Kernel Bug Tracker – Bug 13223
compat-wireless: Frequent Probe Response timeouts and disassociations
Last modified: 2009-08-02 20:10:21 UTC
Current mainline with the ath9k from compat-wireless causes frequent disconnects due to probe response timeouts. Mainline sans the commit 47afbaf5af9454a7a1a64591e20cbfcc27ca67a8 was the last correctly working kernel version.
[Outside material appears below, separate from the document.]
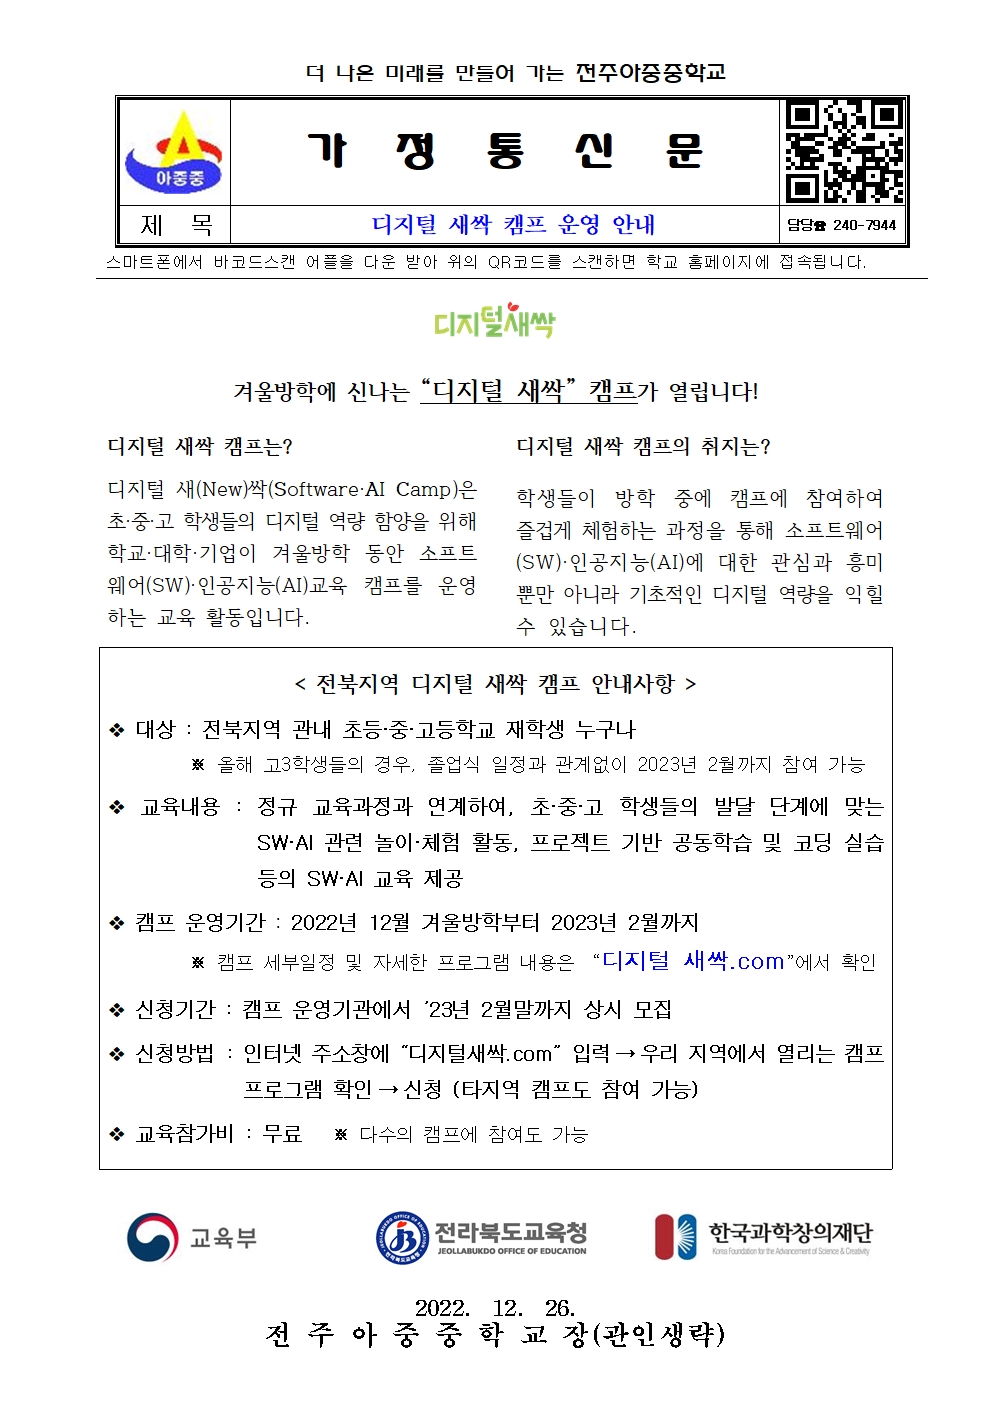 디지털 새싹 캠프 운영 안내 가정통신문001

Fix for 47afbaf5af9454a7a1a64591e20cbfcc27ca67a8 is known and expected to land in mainline shortly but the fix already exists in compat-wireless, testing of which uncovered this separate bug -
[ 340.966352] ADDRCONF(NETDEV_CHANGE): wlan1: link becomes ready
[ 351.852009] wlan1: no IPv6 routers present
[ 376.916017] wlan1: no probe response from AP 00:1e:e5:6a:2c:c2 - disassociating
[ 377.765211] wlan1: authenticate with AP 00:1e:e5:6a:2c:c2
[ 377.767276] wlan1: authenticated
[ 377.767281] wlan1: associate with AP 00:1e:e5:6a:2c:c2
[ 377.771343] wlan1: RX ReassocResp from 00:1e:e5:6a:2c:c2 (capab=0x411 status=0 aid=1)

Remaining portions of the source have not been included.